Formally, we can partition the array if we can find indexes i + 1 < j with (arr[0] + arr[1] + ... + arr[i] == arr[i + 1] + arr[i + 2] + ... + arr[j - 1] == arr[j] + arr[j + 1] + ... + arr[arr.length - 1])
Example 1:
- Input: arr = [0,2,1,-6,6,-7,9,1,2,0,1]
- Output: true
- Explanation: 0 + 2 + 1 = -6 + 6 - 7 + 9 + 1 = 2 + 0 + 1
Example 2:
- Input: arr = [0,2,1,-6,6,7,9,-1,2,0,1]
- Output: false
Example 3:
- Input: arr = [3,3,6,5,-2,2,5,1,-9,4]
- Output: true
- Explanation: 3 + 3 = 6 = 5 - 2 + 2 + 5 + 1 - 9 + 4
Constraints:
- 3 <= arr.length <= 5 * 104
- -104 <= arr[i] <= 104
💡 Hint 1:
If we have three parts with the same sum, what is the sum of each?
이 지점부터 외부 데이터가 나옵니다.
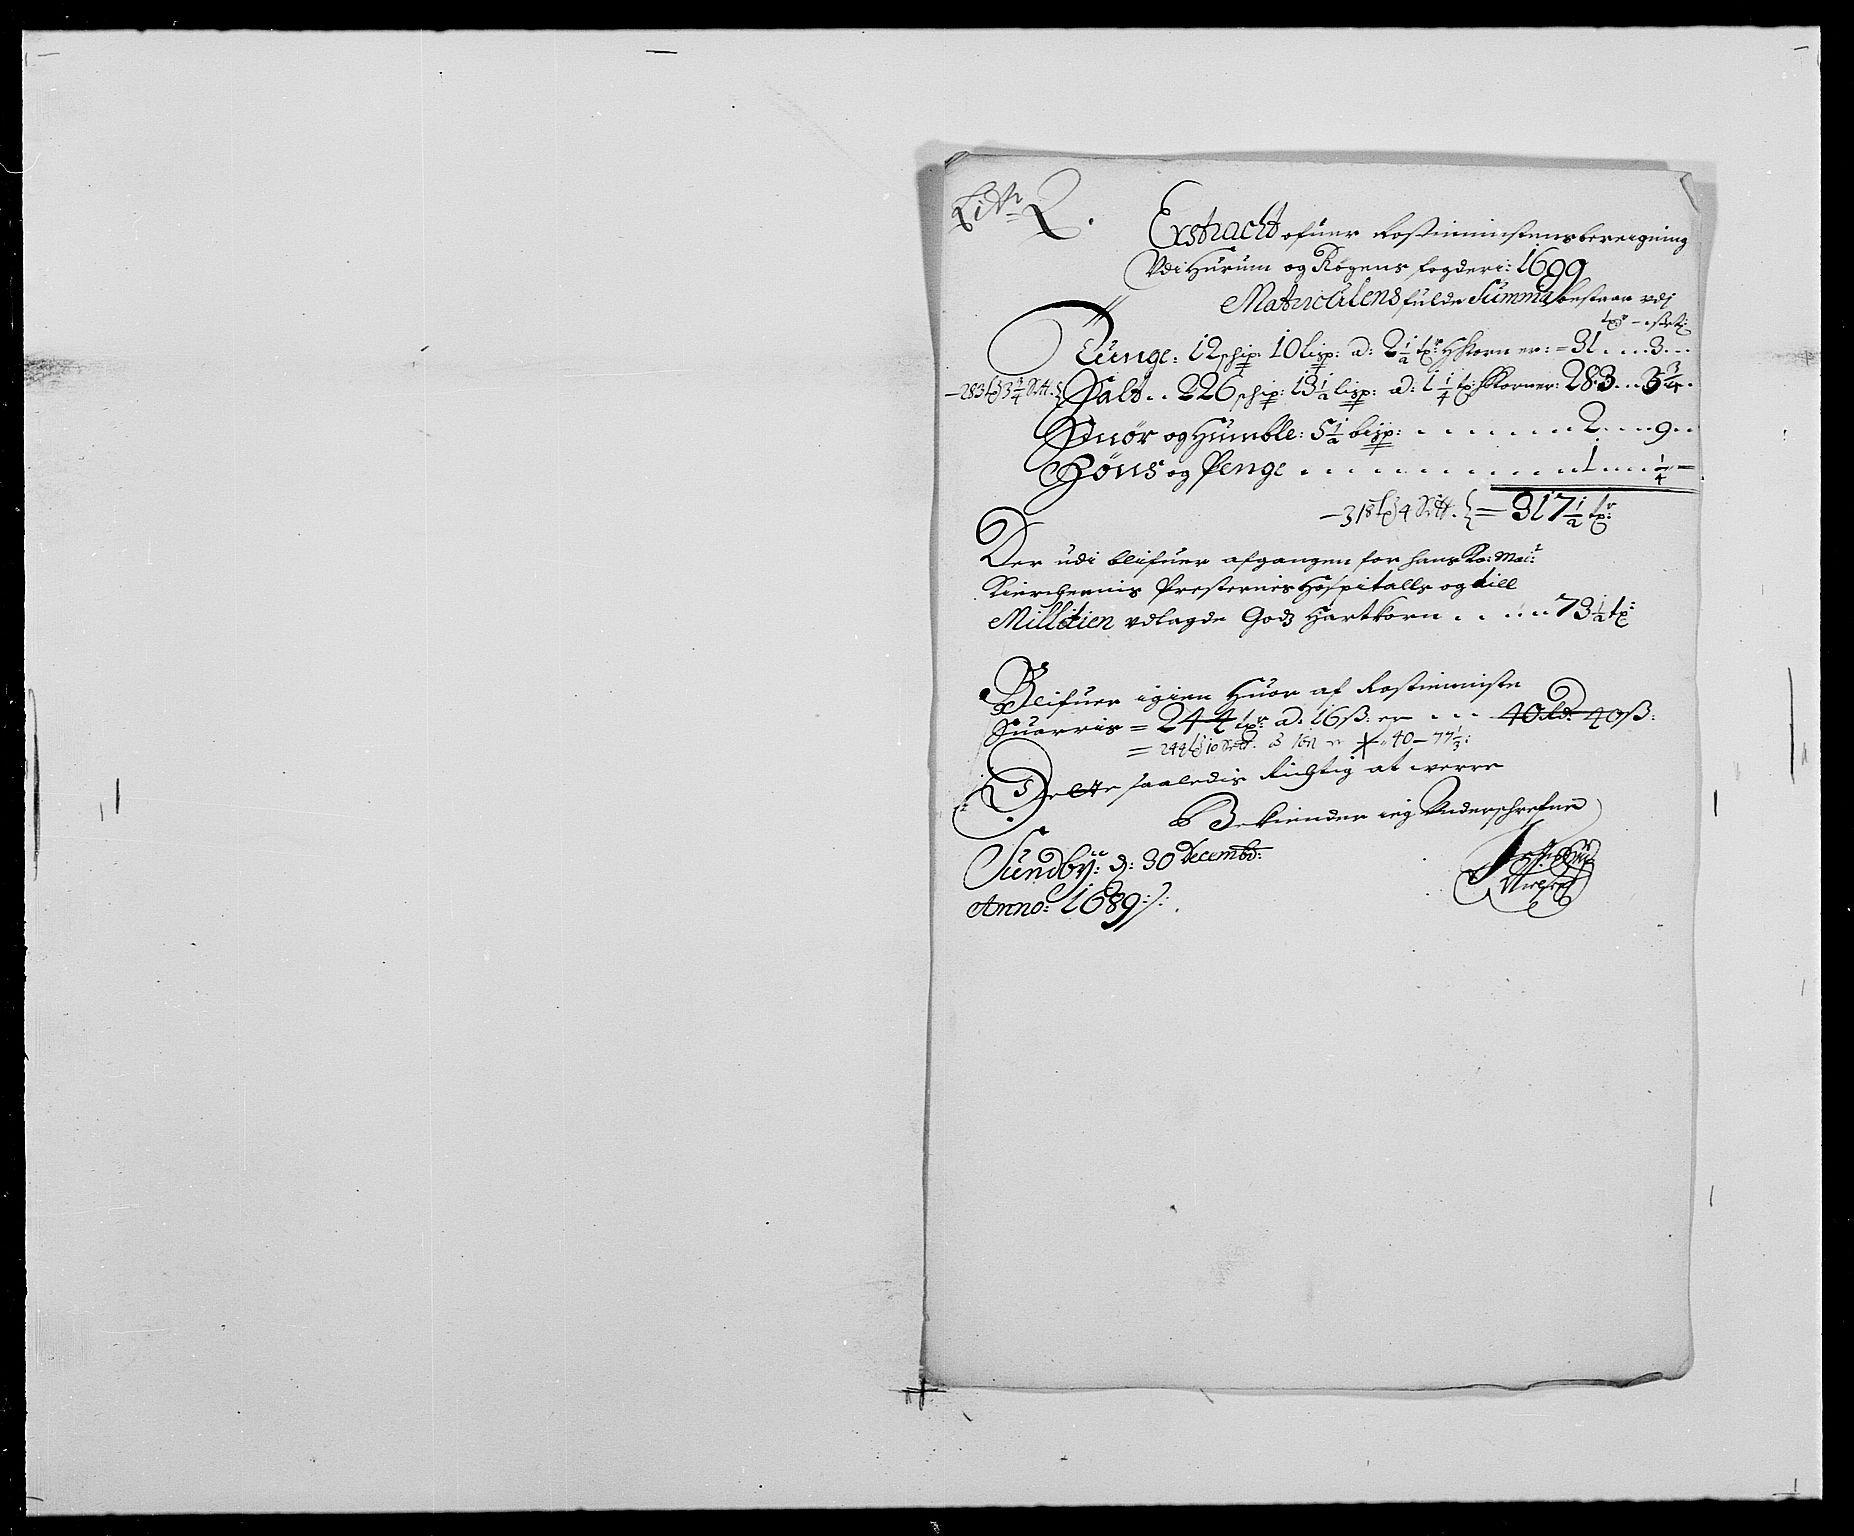 RA, Rentekammeret inntil 1814, Reviderte regnskaper, Fogderegnskap, R29/L1693: Fogderegnskap Hurum og Røyken, 1688-1693, s. 139

If you can find the first part, can you find the second part?
Submitted Code
class Solution:
def canThreePartsEqualSum(self, arr: List[int]) -> bool:
if sum(arr) % 3 != 0:
return False
else:
target = sum(arr) // 3
l, r = 0, len(arr)-1
sum1st, sum3rd = arr[l], arr[r]
while (l < r) and (r-l >= 2):
if sum1st == sum3rd == target:
return True
if sum1st != target:
l += 1
sum1st += arr[l]
if sum3rd != target:
r -= 1
sum3rd += arr[r]
return False
Runtime: 4 ms | Beats 78.33%
Memory: 23.31 MB | Beats 31.30%
포인터 2개로 맨 앞부터 첫 번째 파트, 맨 뒤부터 세 번째 파트를 더해가는 방법을 사용했다. 두 파트 모두 target과 같고, 두 파트 사이에 원소가 하나라도 존재한다면 true가 된다.
Other Solutions
1st
class Solution:
def canThreePartsEqualSum(self, arr: List[int]) -> bool:
total = sum(arr)
if total % 3 != 0:
return False
target = total // 3
current_sum = 0
partitions = 0
for i in range(len(arr)):
current_sum += arr[i]
if current_sum == target:
partitions += 1
current_sum = 0
# If we found two partitions and it's not the end, the rest must be the third
if partitions == 2 and i < len(arr) - 1:
return True
return False
time complexity: 𝑂(𝑛)
space complexity: 𝑂(1)
포인터 두 개를 사용하지 않고 앞에서부터 한 파트씩 완성해나가도 된다.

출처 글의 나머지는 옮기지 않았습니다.